* _WHAT YOU WILL DO_: For the entries below, copy exactly the line that contains "Shadow Work: Written PDF" through the line that contains "海源汽车服务有限公司（车之翼）|深圳|格莱美-汽车美容加盟一站式服务品牌", both ends included, and exclude all pictures.

* _EXCERPTED DATA_:
--- START ---
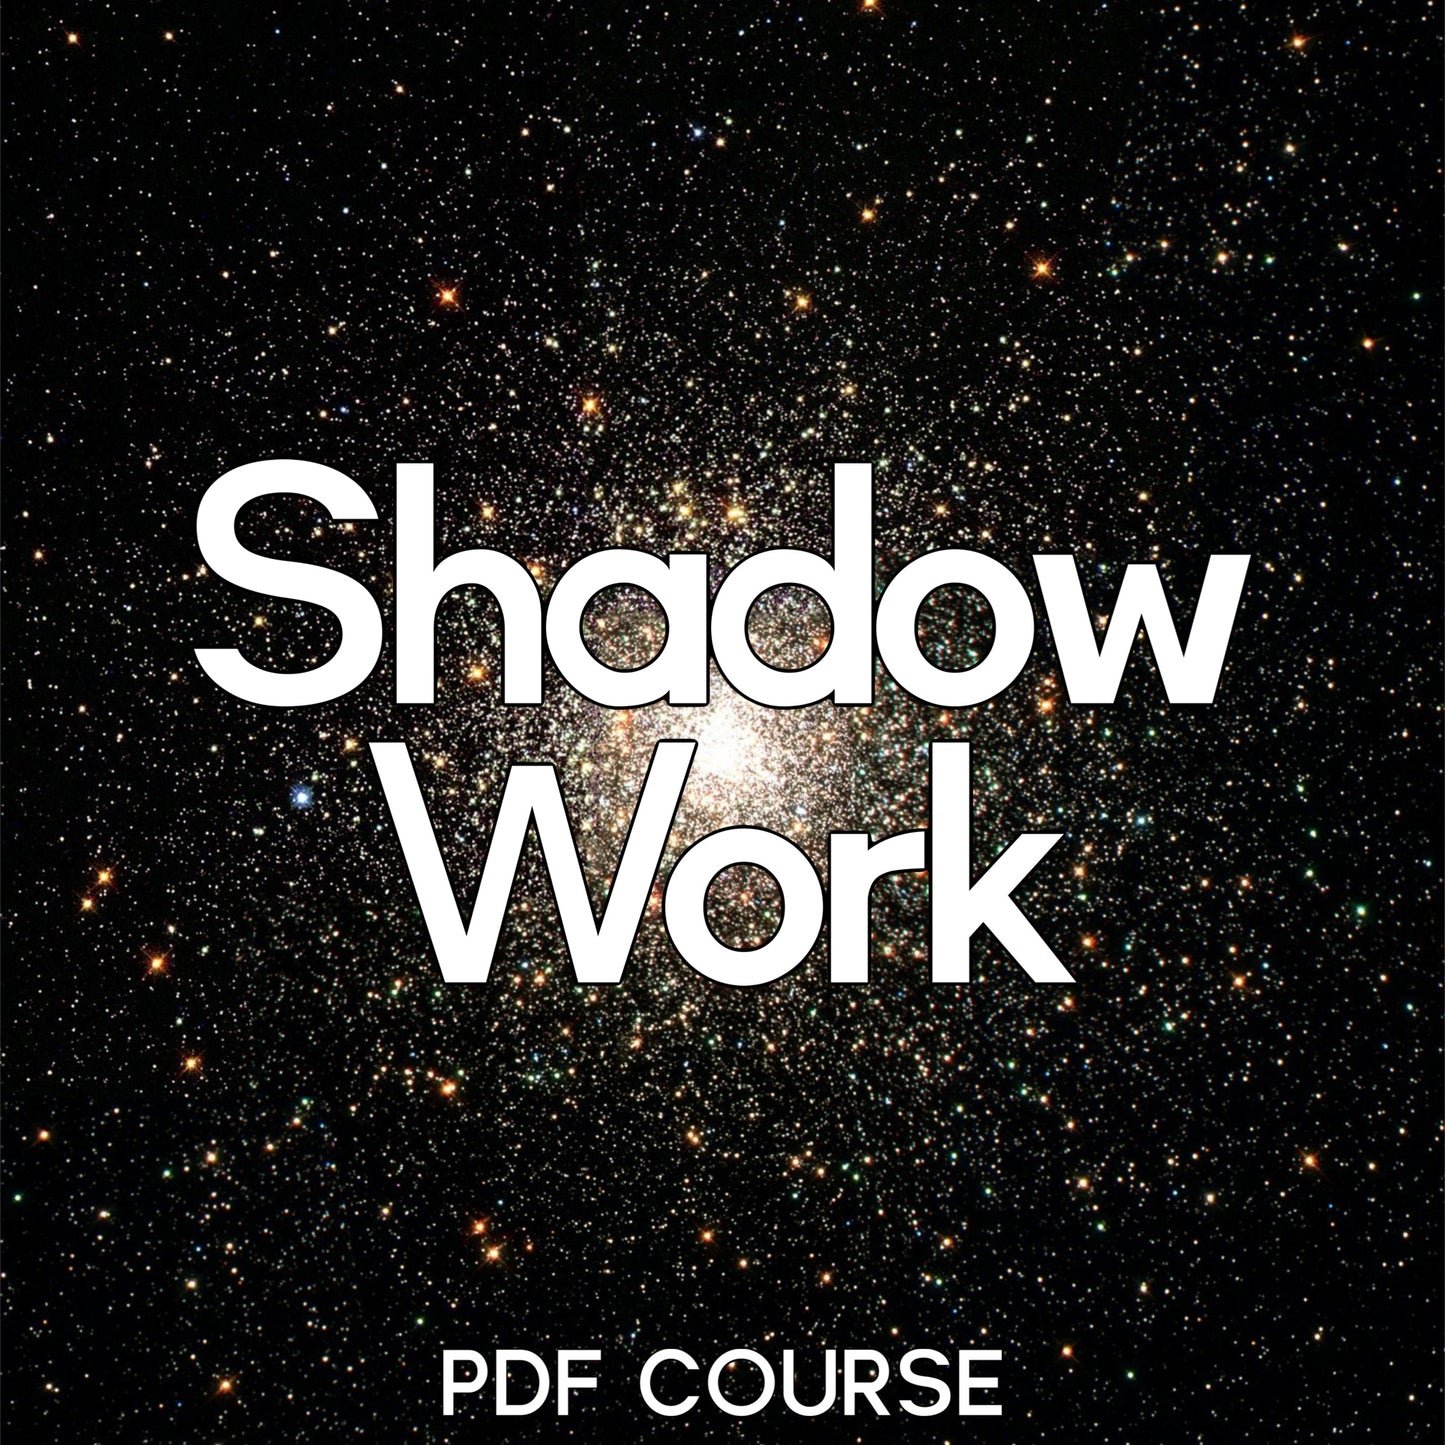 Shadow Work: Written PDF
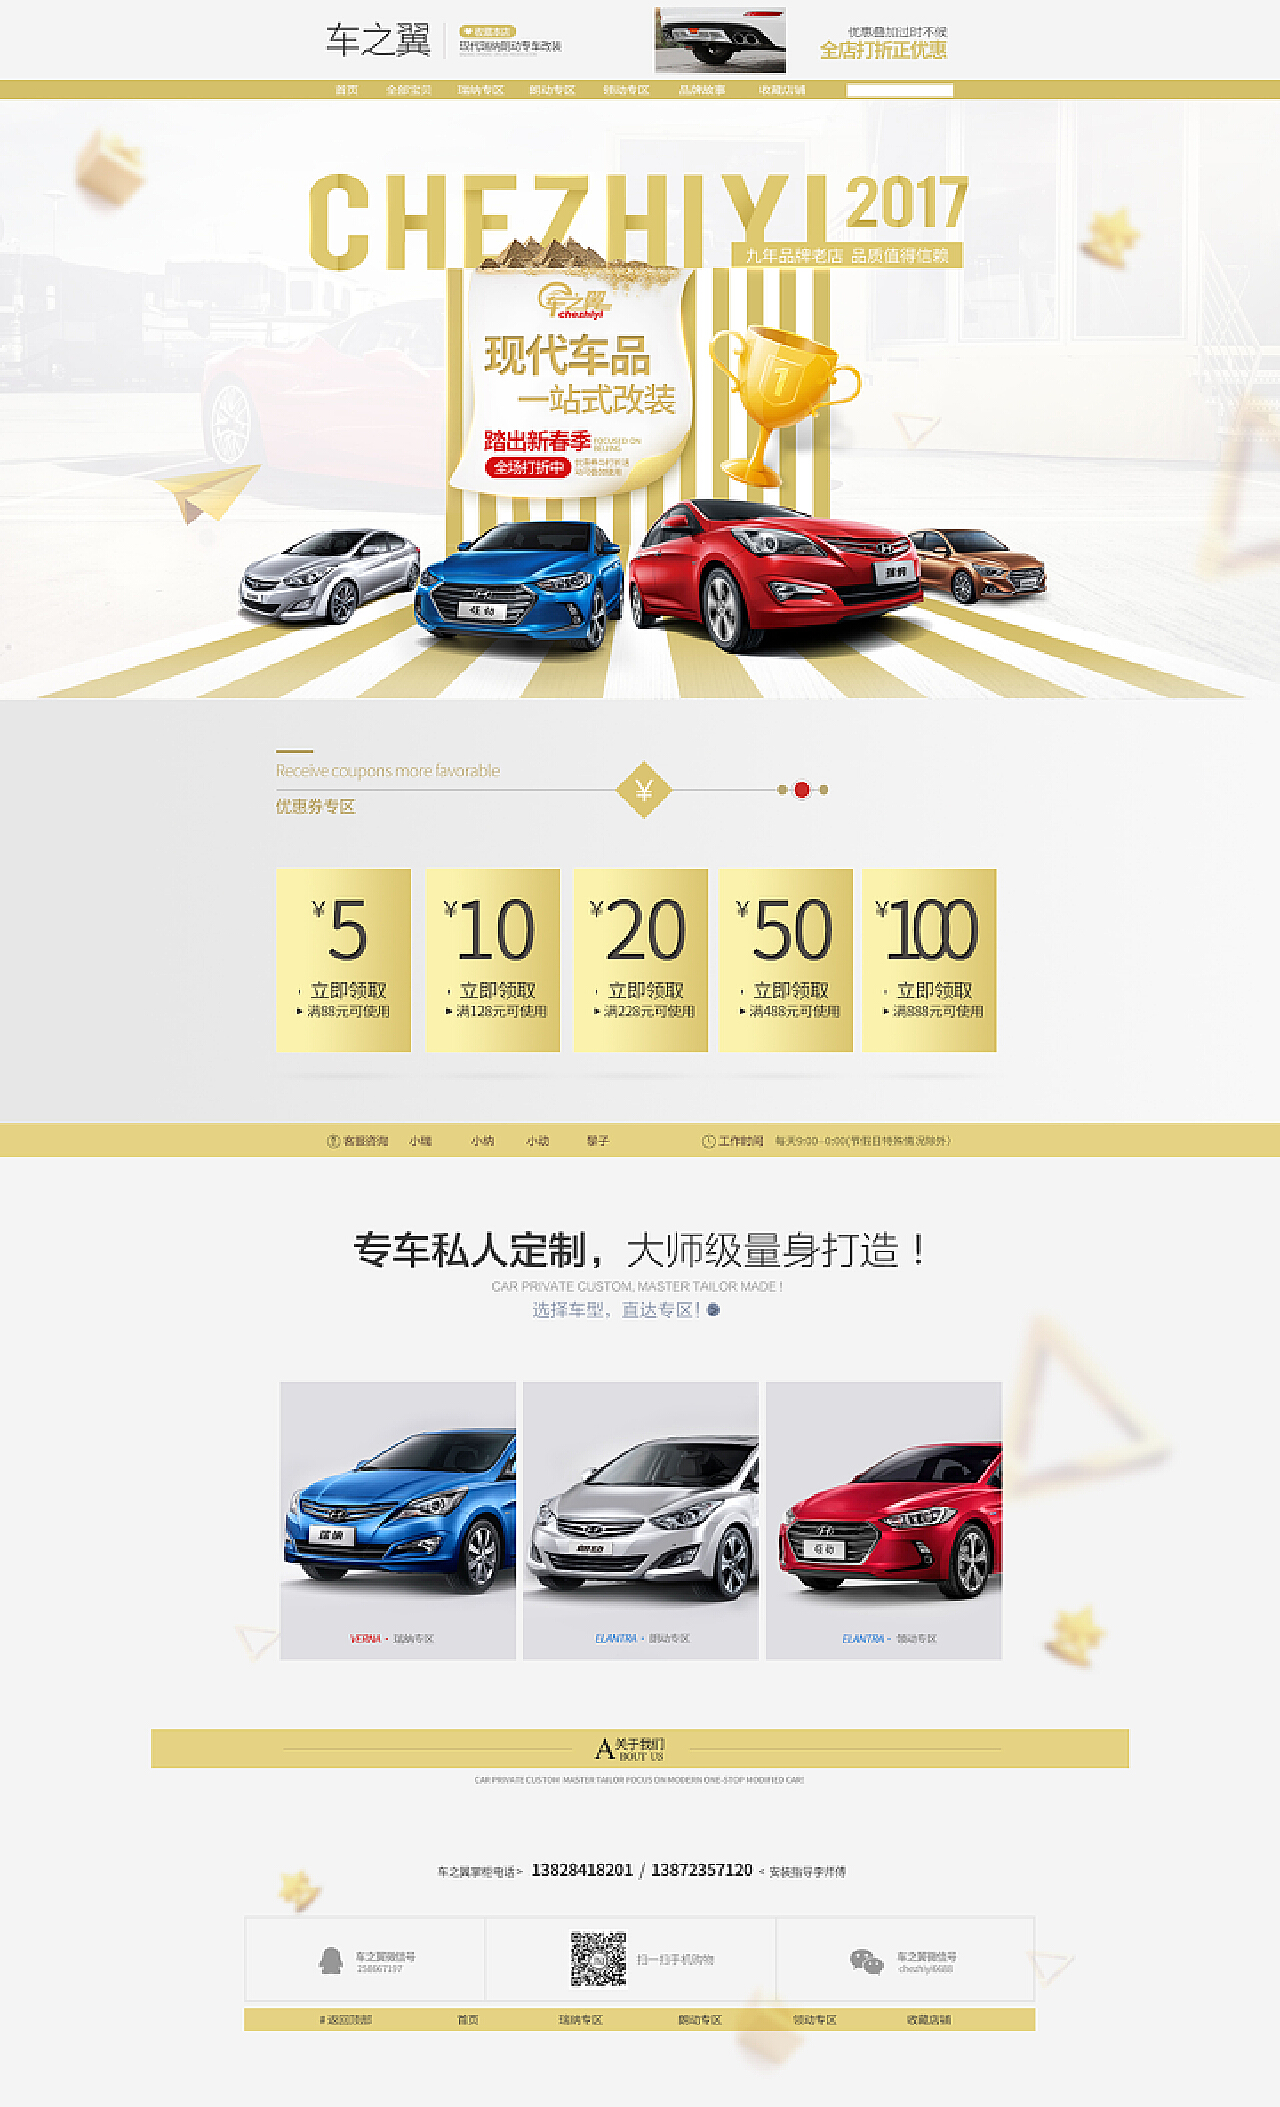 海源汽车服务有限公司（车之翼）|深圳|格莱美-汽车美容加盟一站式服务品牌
--- END ---
--- START ---
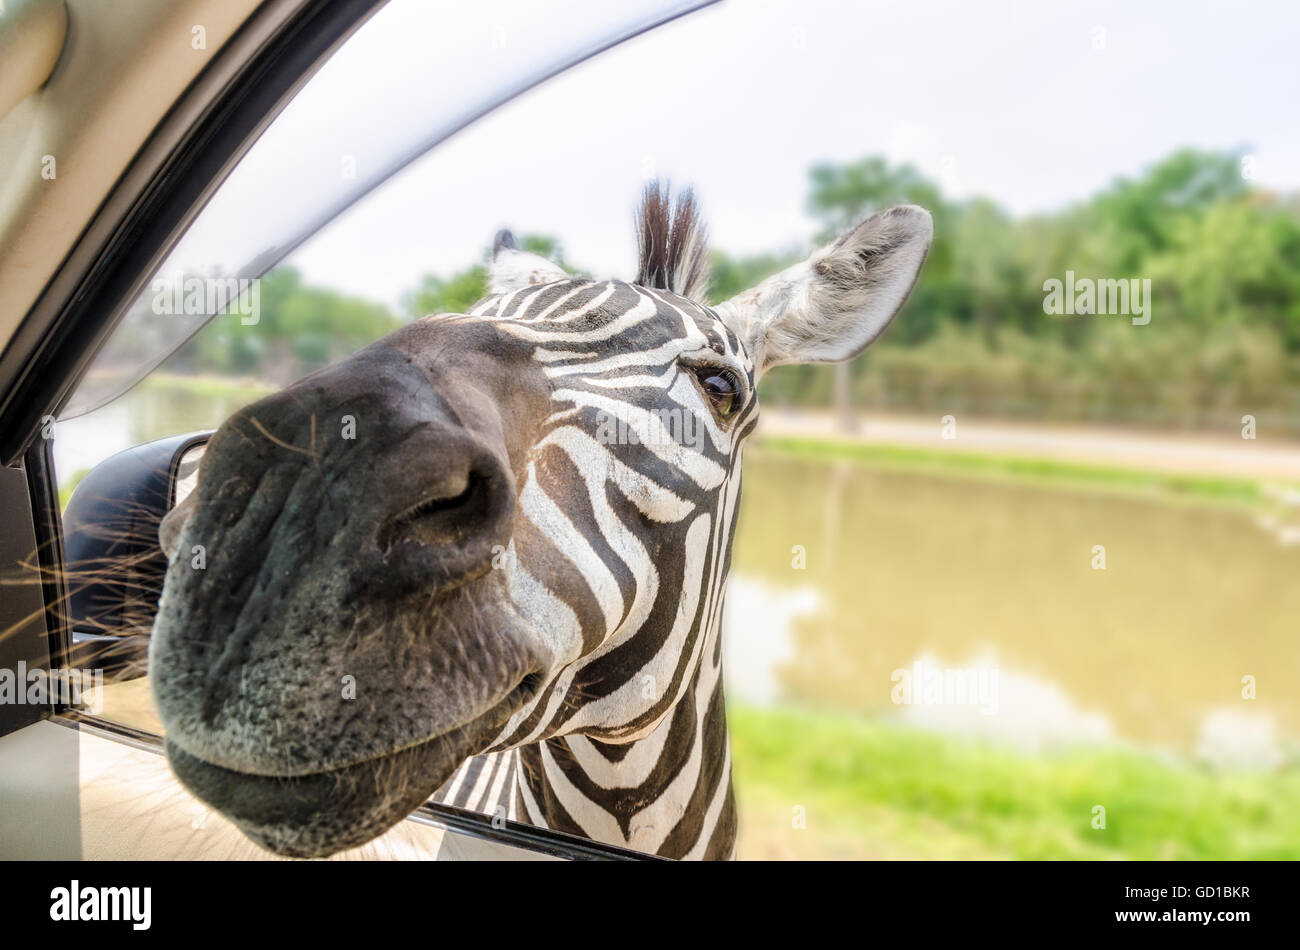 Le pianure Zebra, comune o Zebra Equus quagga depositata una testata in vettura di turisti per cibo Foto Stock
--- END ---
--- START ---
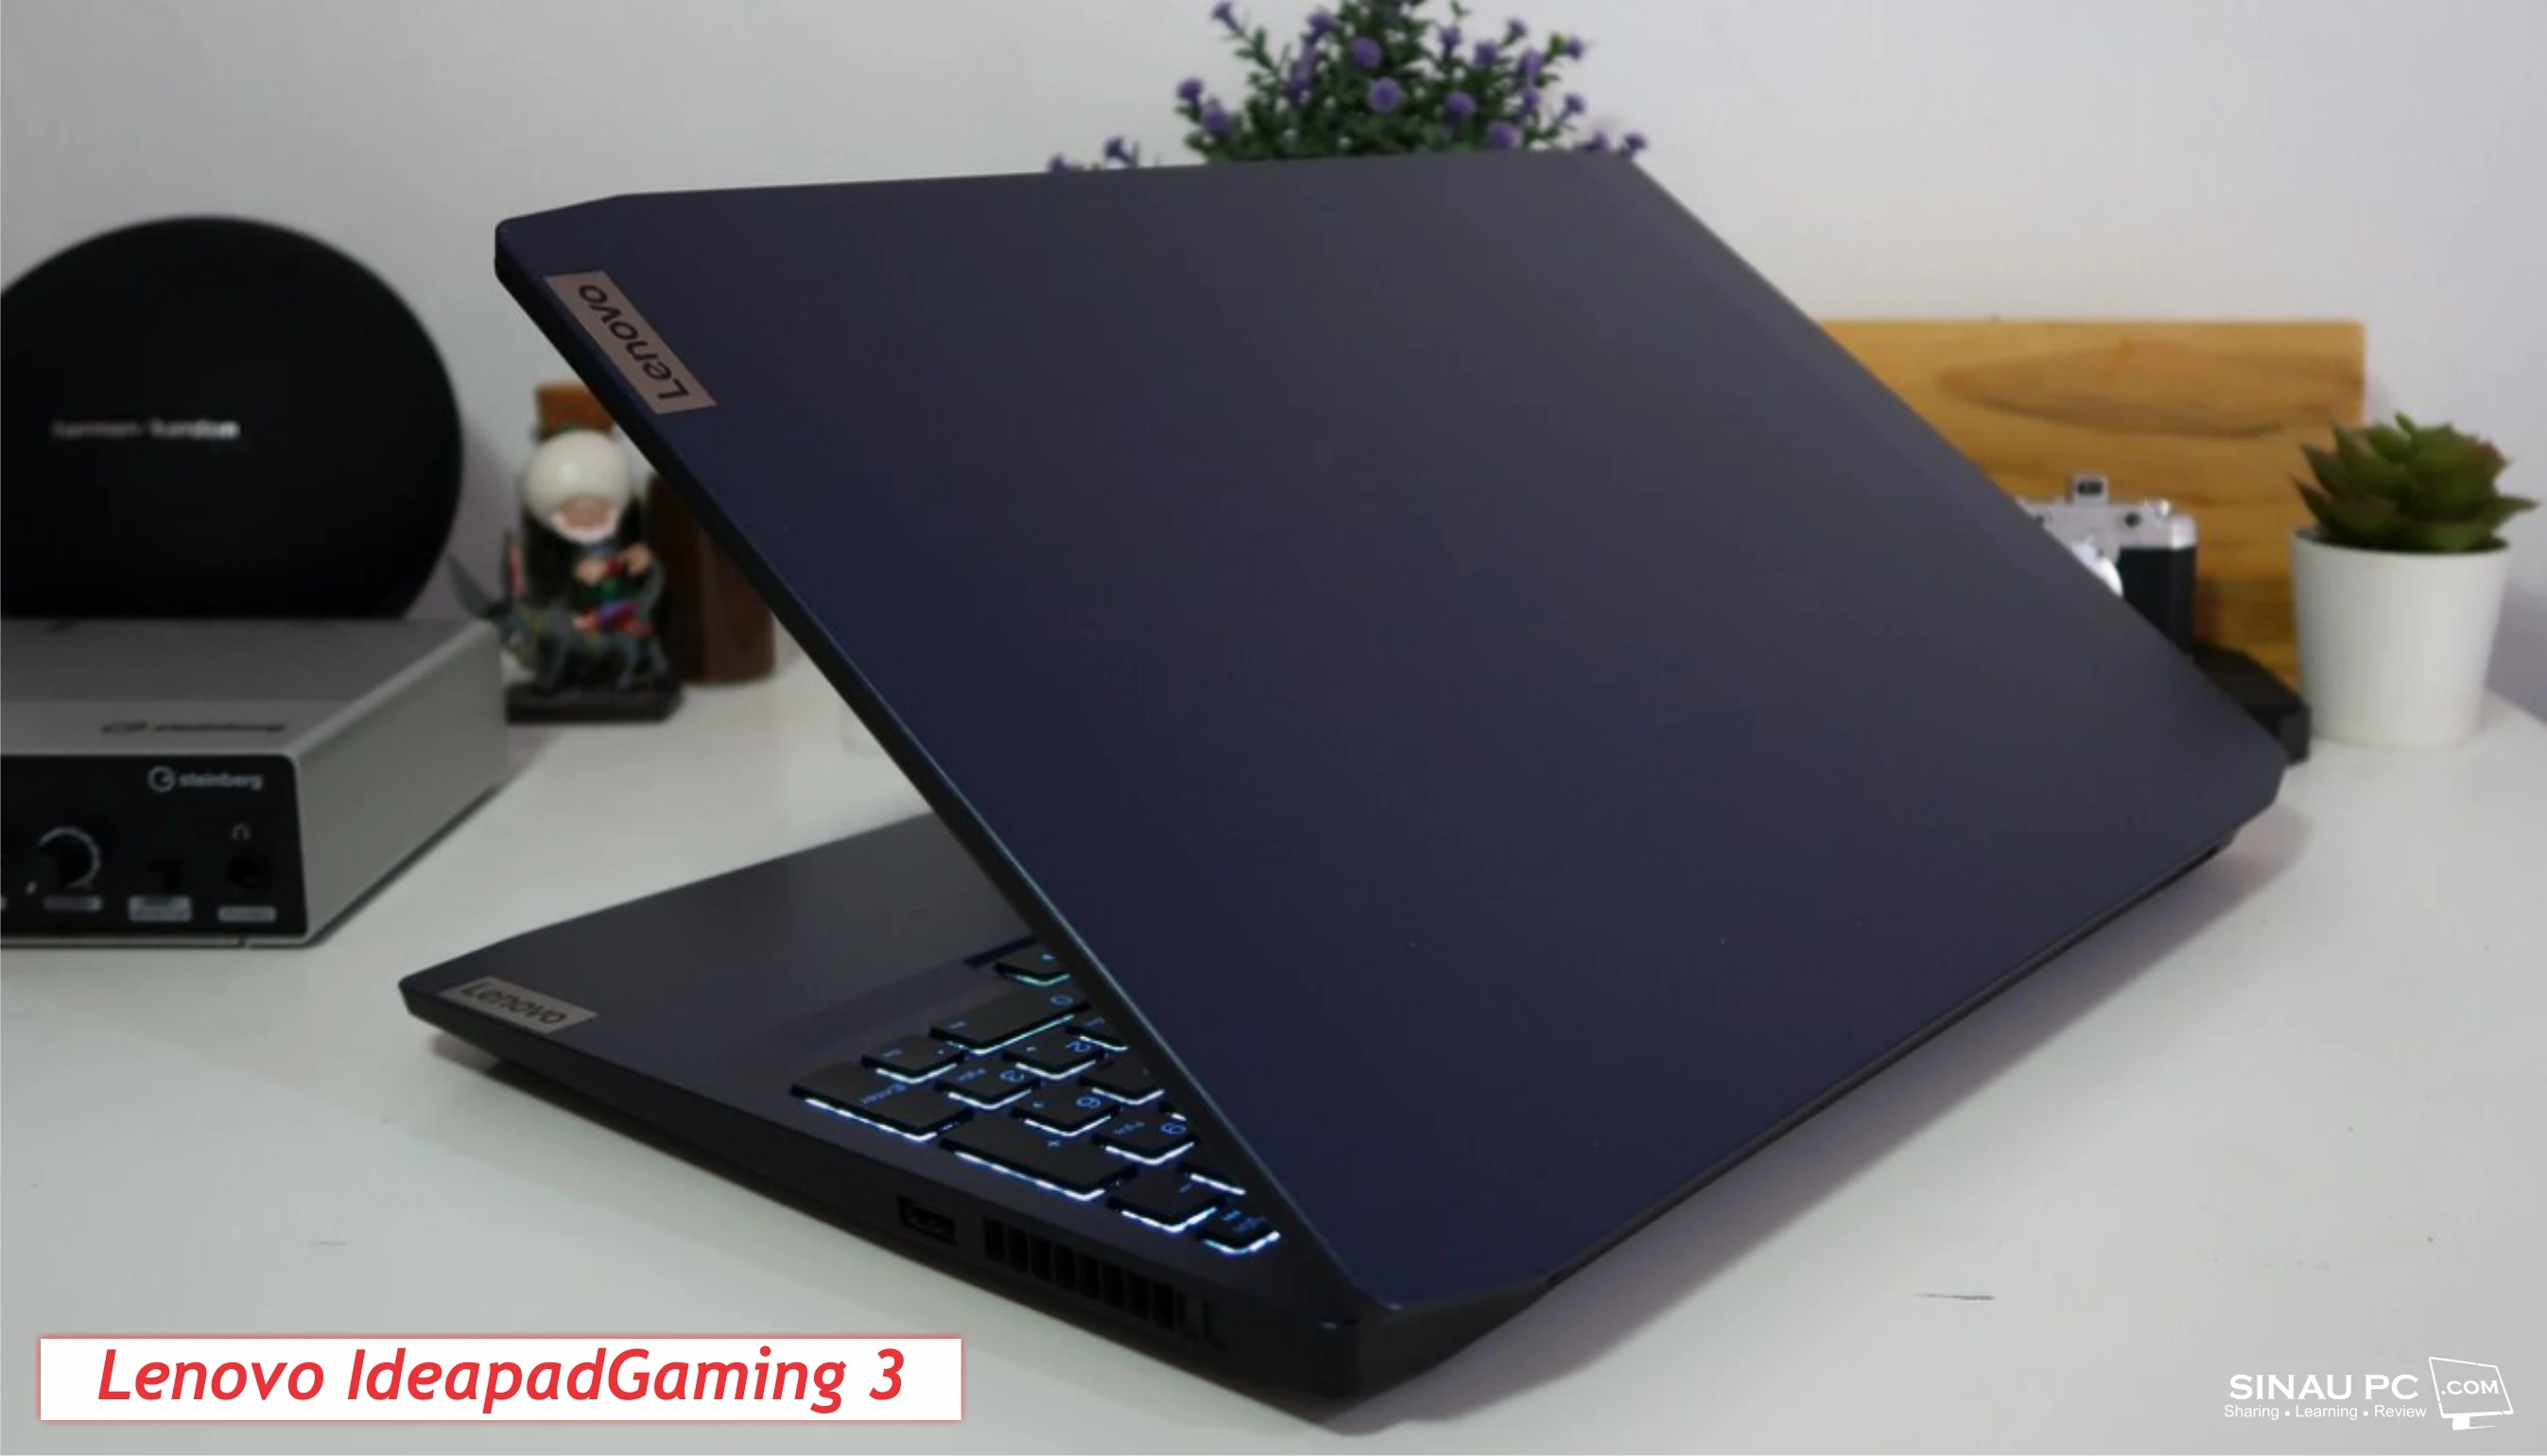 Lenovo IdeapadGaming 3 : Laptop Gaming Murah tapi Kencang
--- END ---
* _ANSWER TO THIS TASK_:
 Shadow Work: Written PDF
 海源汽车服务有限公司（车之翼）|深圳|格莱美-汽车美容加盟一站式服务品牌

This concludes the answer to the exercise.